→ WHAT IS NEEDED:
The whole listing needs retyping exactly; keep the pictures out of it.

→ STORED DATA:
━━━━━━━━━━
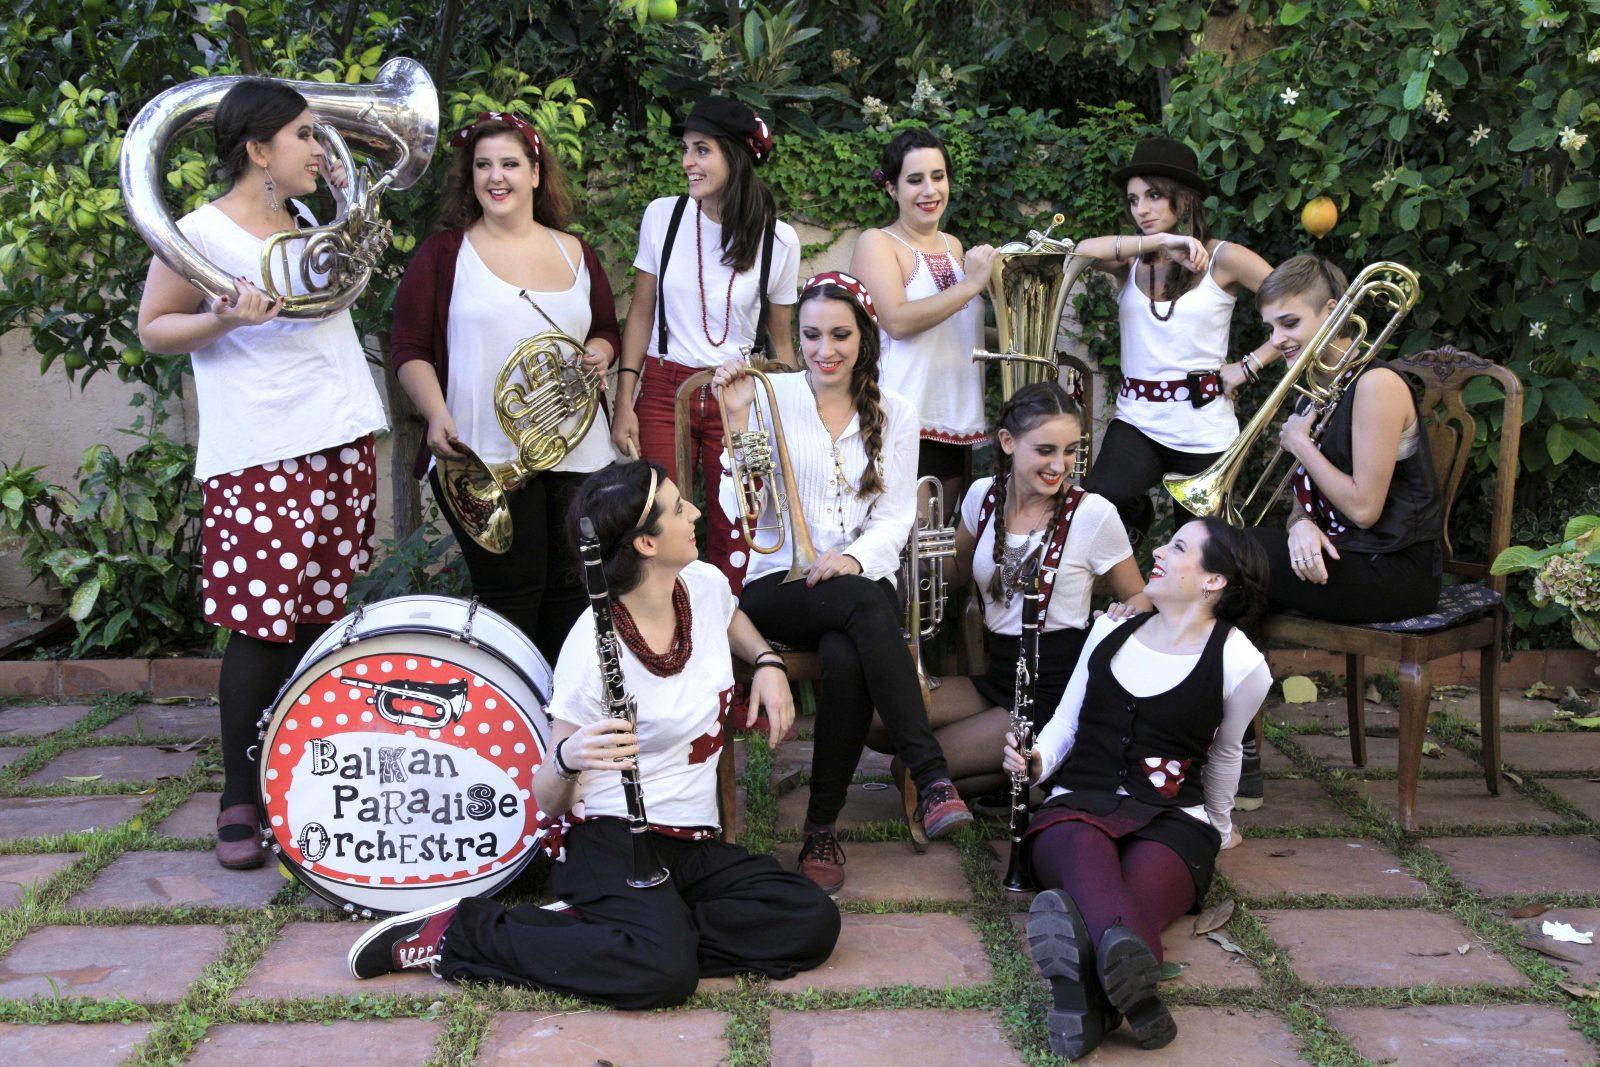 10- Balkan Paradise Orchestra
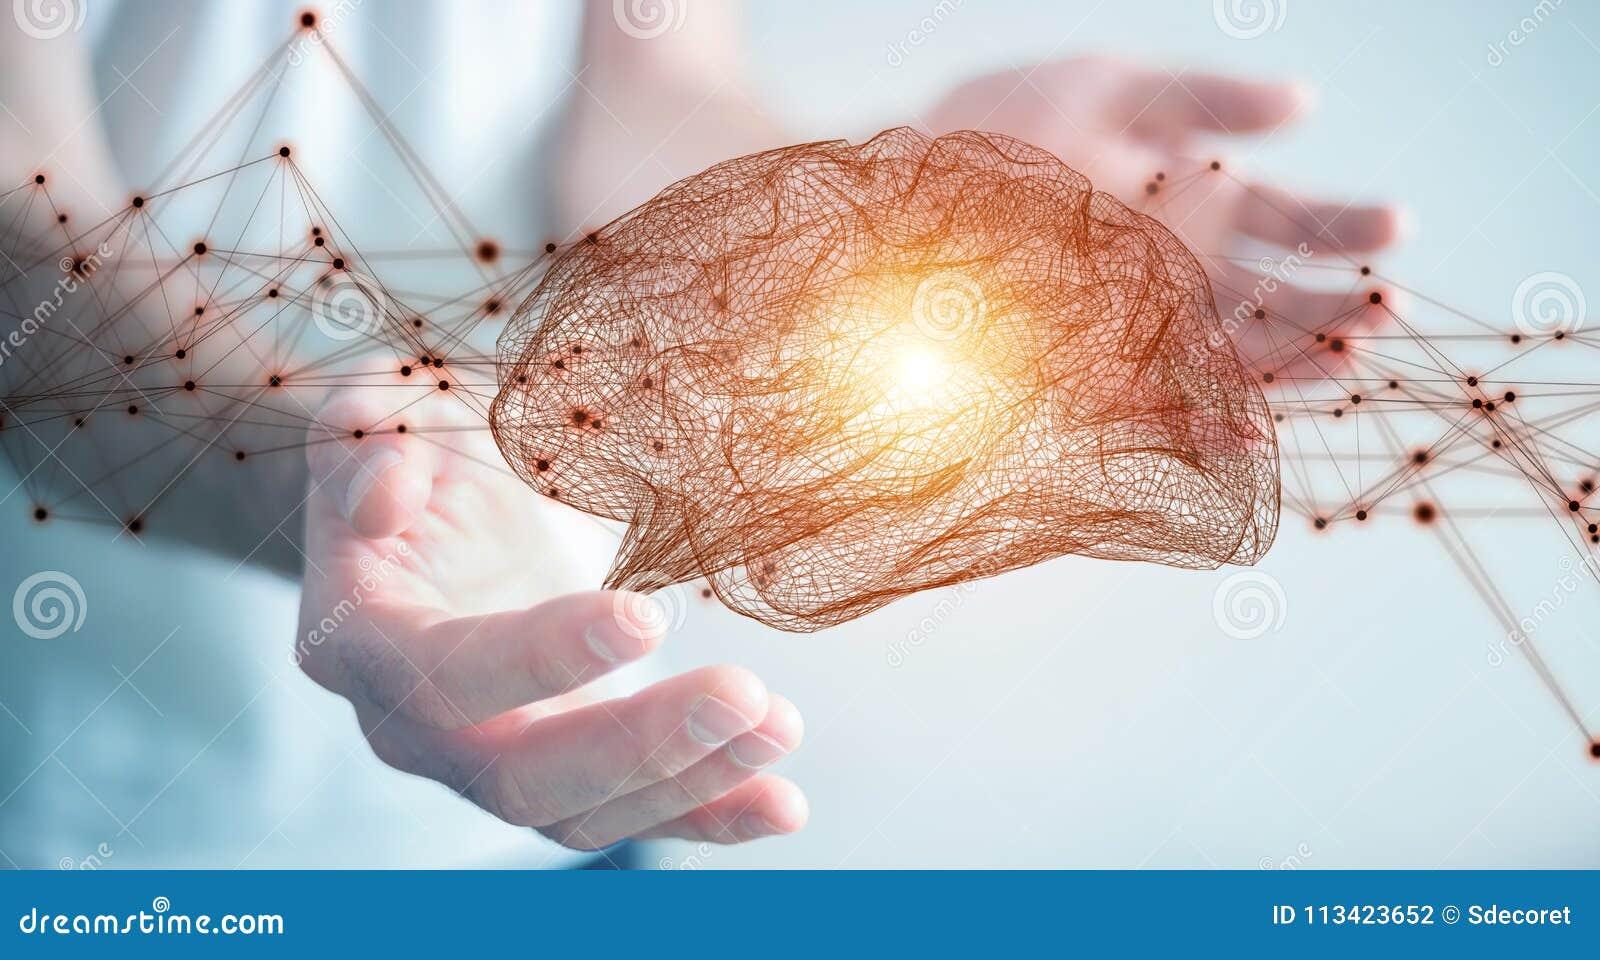 Бизнесмен используя цифровое renderi интерфейса 3D человеческого мозга рентгеновского снимка
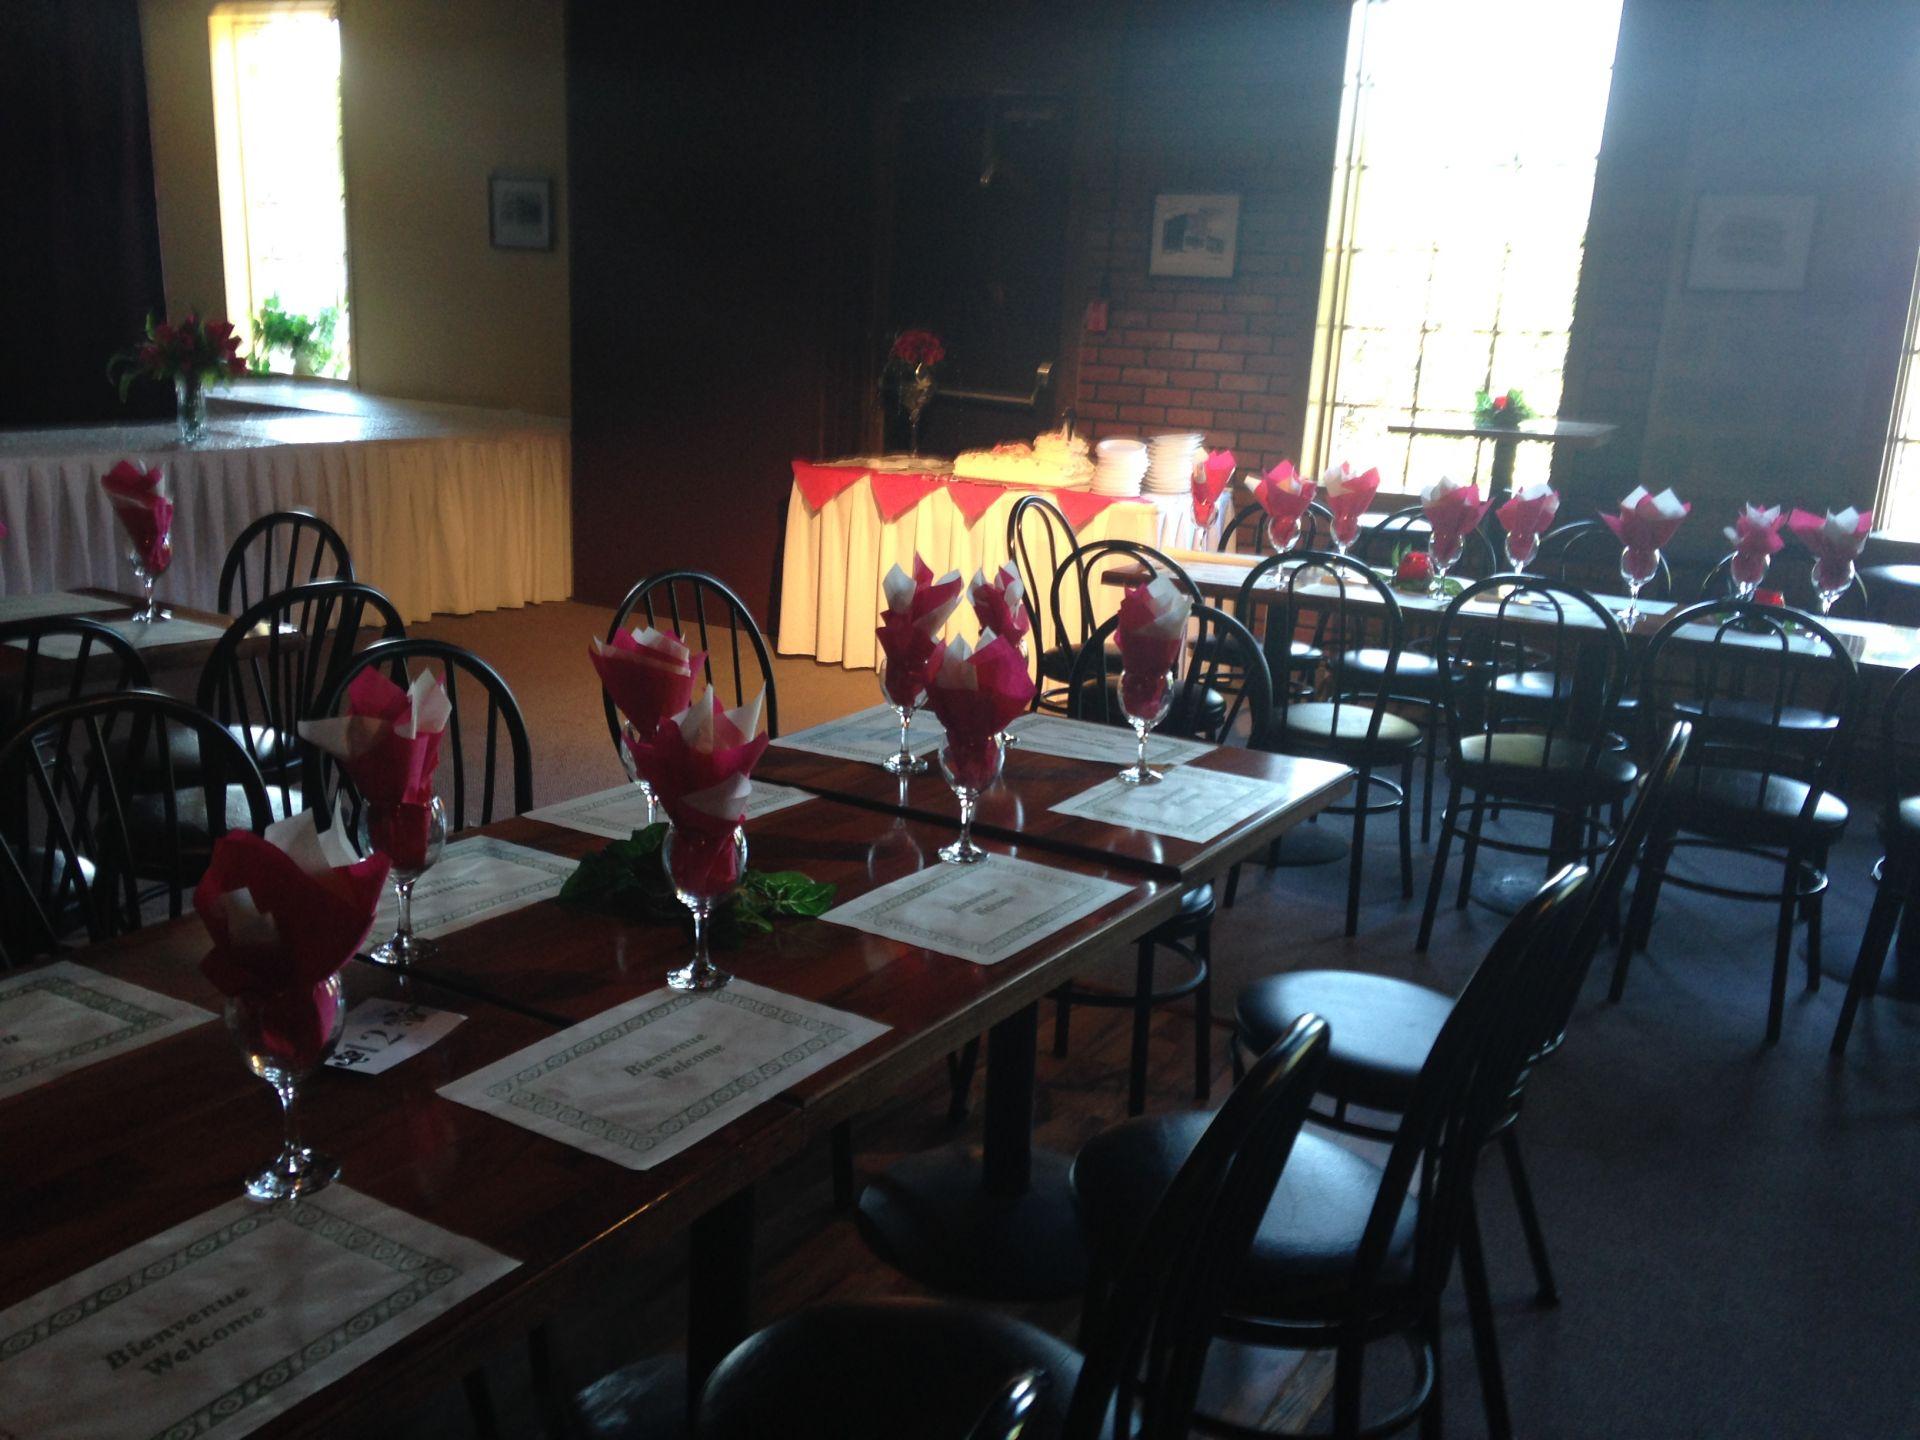 Location De Salle Monteregie Granby A Louer Salles Capacite Entre 250 Et 300 Personnes Debout
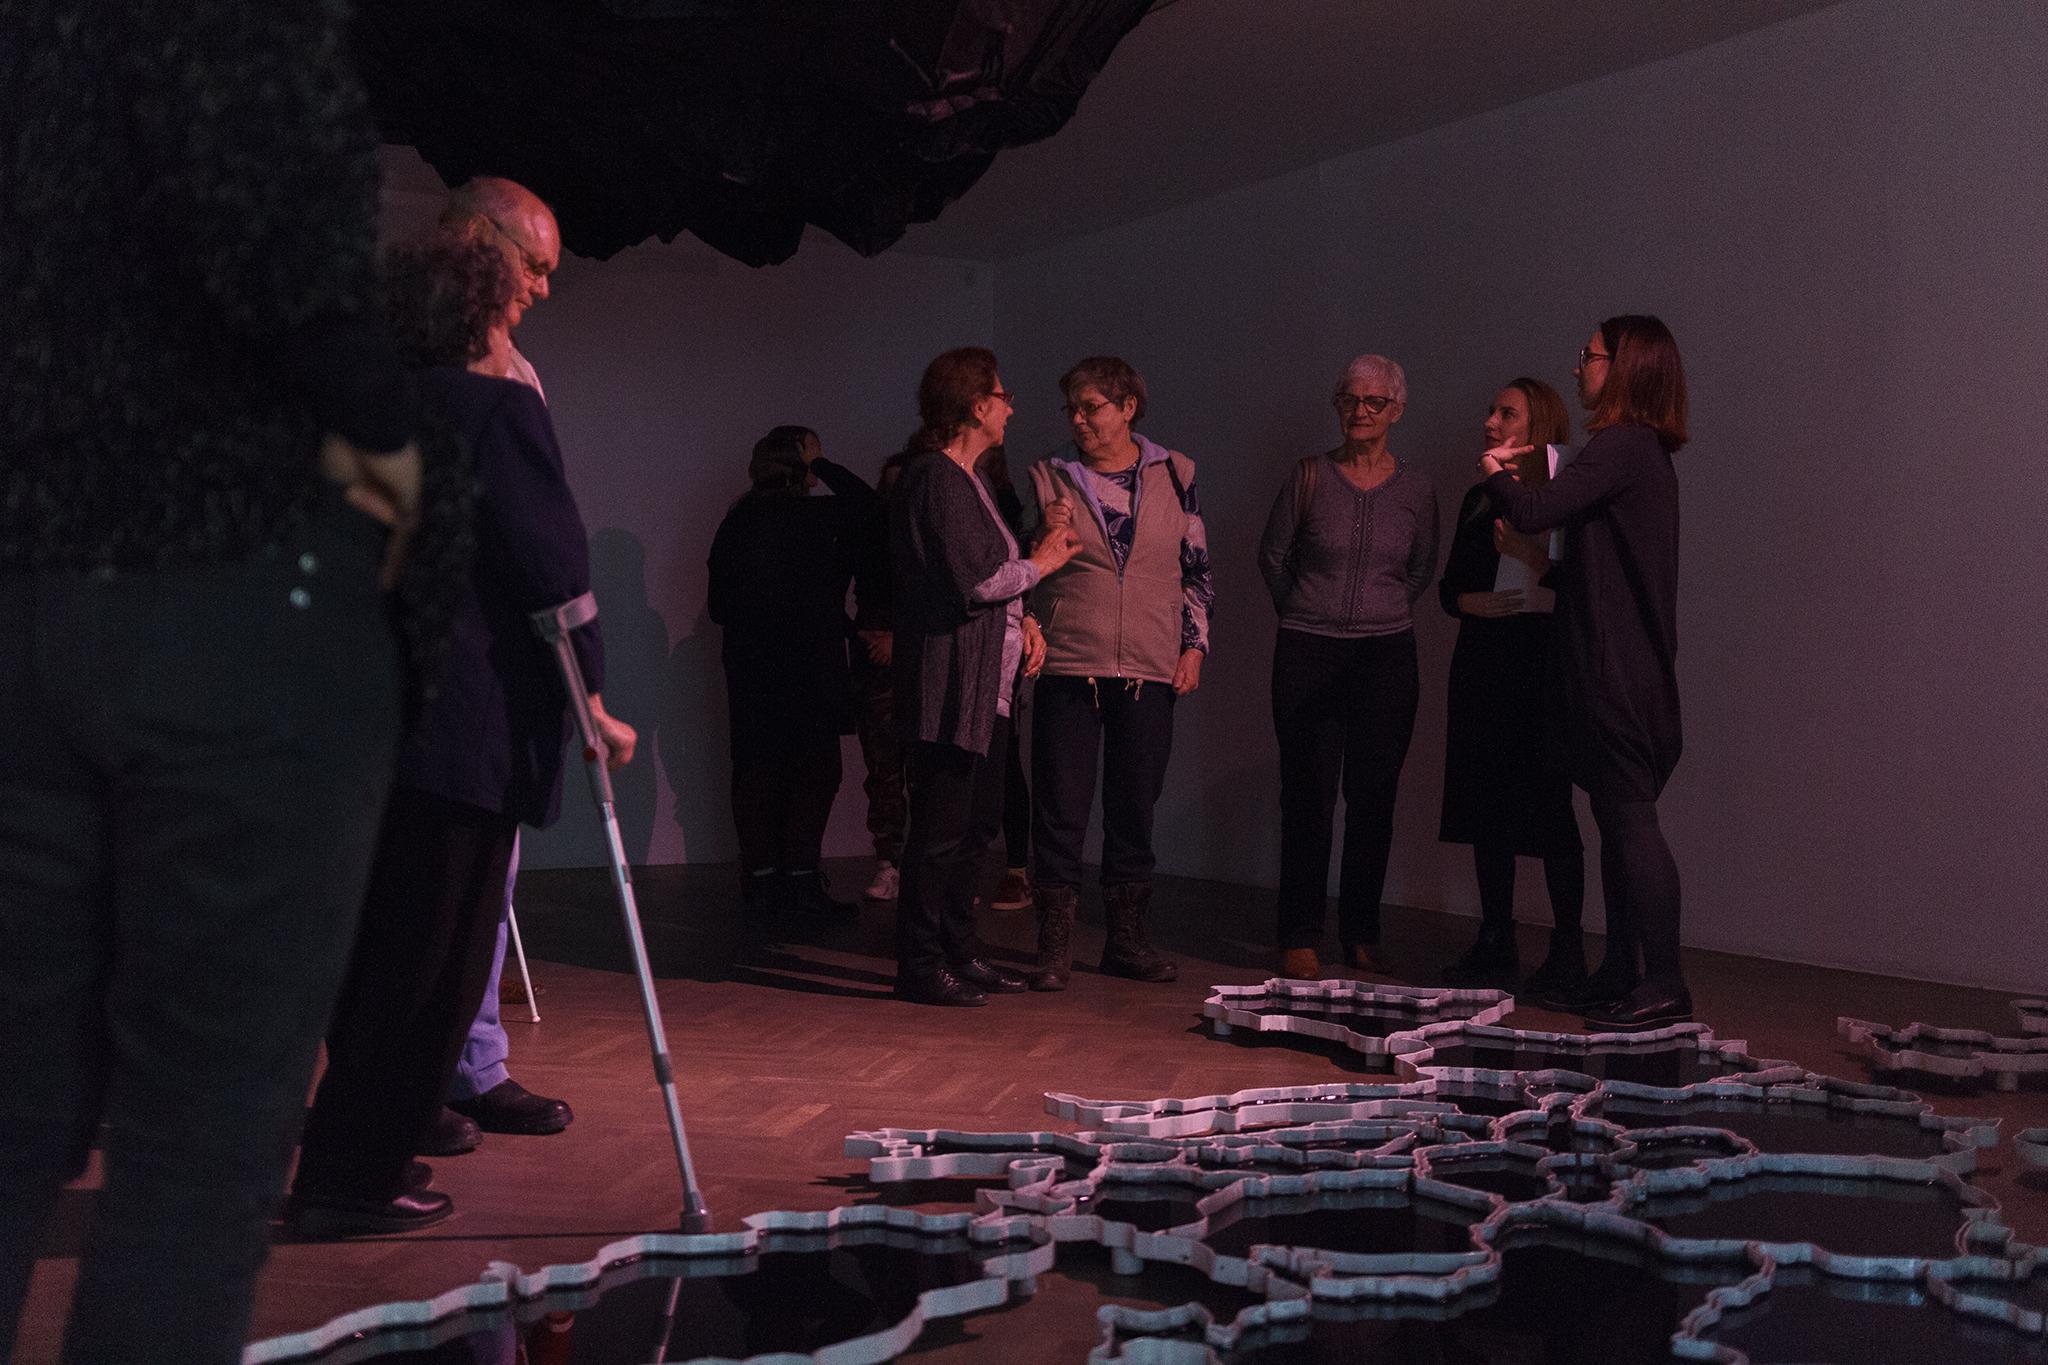 grupa 7 osób w ciemnym pomieszczeniu, przed nimi na ziemi leżą fragmenty w kształcie pilastru miodu tworzące kompozycję
━━━━━━━━━━
→ WRITTEN RESPONSE:
 10- Balkan Paradise Orchestra
 Бизнесмен используя цифровое renderi интерфейса 3D человеческого мозга рентгеновского снимка
 Location De Salle Monteregie Granby A Louer Salles Capacite Entre 250 Et 300 Personnes Debout
 grupa 7 osób w ciemnym pomieszczeniu, przed nimi na ziemi leżą fragmenty w kształcie pilastru miodu tworzące kompozycję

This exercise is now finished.